O líder do PSB na Câmara, deputado Alessandro Molon (RJ), se colocou a favor de um projeto de renda básica, mas contra a retirada de dinheiro da educação “dos mais pobres” para financiar o projeto:
“O caminho é manter intactos os recursos do Fundeb, que foram conquistados a duras penas, e buscar recursos para uma renda básica na reforma tributária, que precisa fazer os super-ricos pagarem imposto no Brasil, o que não ocorre. O que fica claro é que o governo não quer tirar os recursos dos super-ricos, mas sim da educação dos mais pobres. Não podemos concordar com isso.”
Em nota, a ONG Todos Pela Educação, classificou a proposta do governo de “alarmante”.
Segundo a organização, o governo desrespeita o Congresso Nacional em uma estratégia “despreocupada com a construção de políticas educacionais que garantam que toda criança e jovem esteja na escola e aprendendo”.

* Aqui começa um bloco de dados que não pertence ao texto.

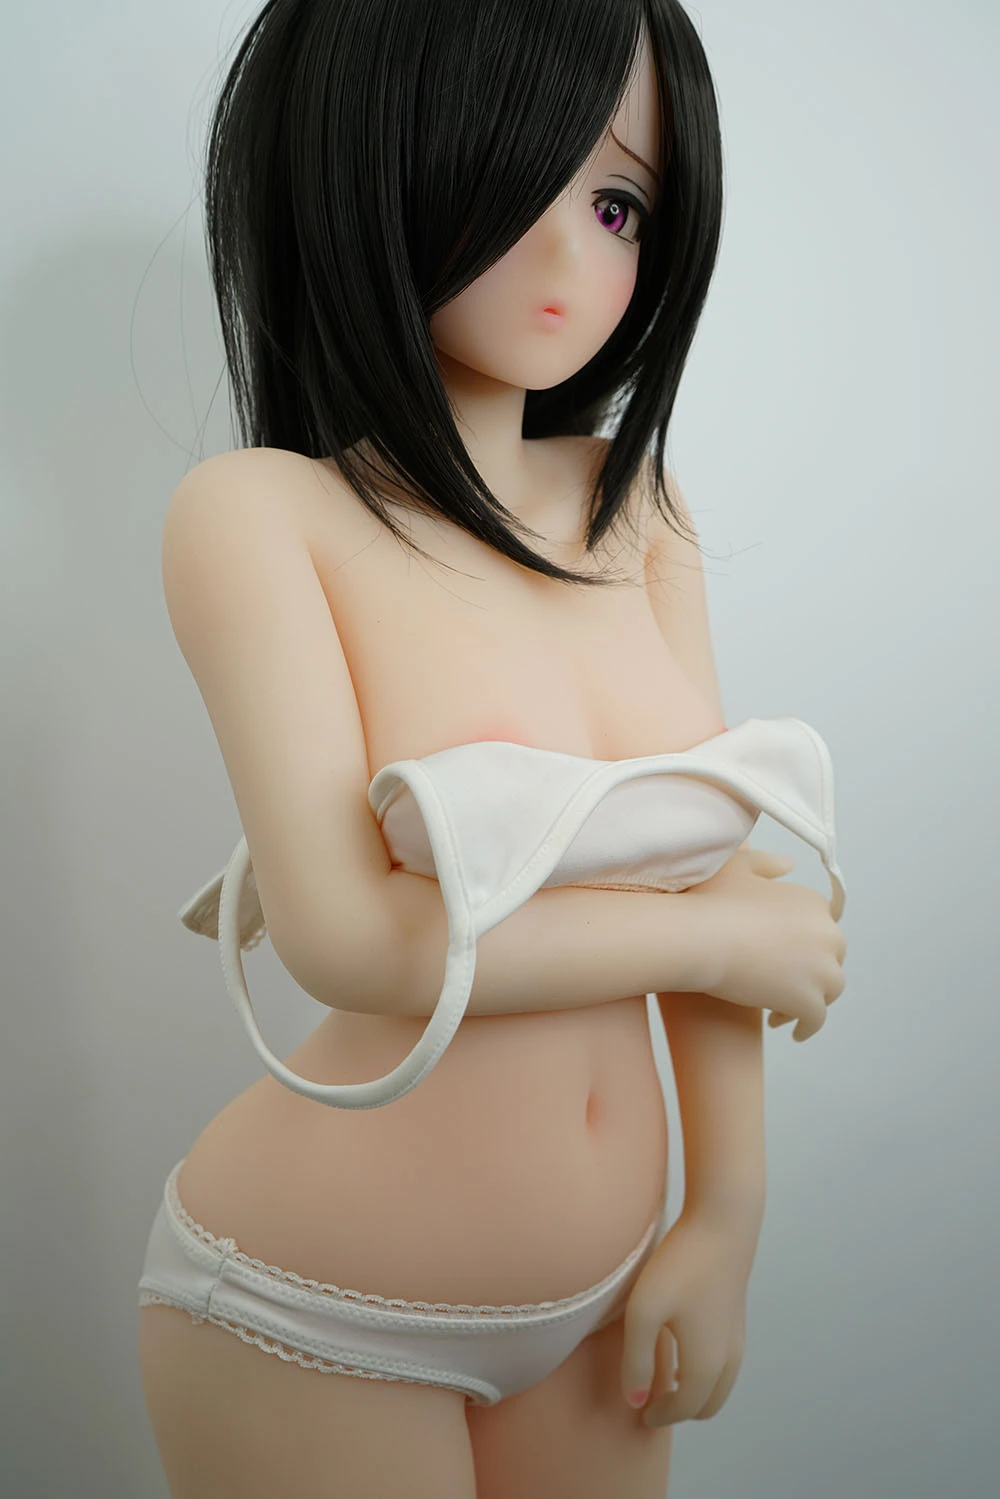 Medium breast love doll

A ONG também estima que a retirada de 5% do Fundeb para o Renda Cidadã impactará principalmente os municípios mais pobres:
“Ampliar a rede de proteção social com aumento das transferências de renda é fundamental, mas isso não pode fragilizar políticas sociais que têm efeitos estruturais e complementares, como é o caso do Fundeb”.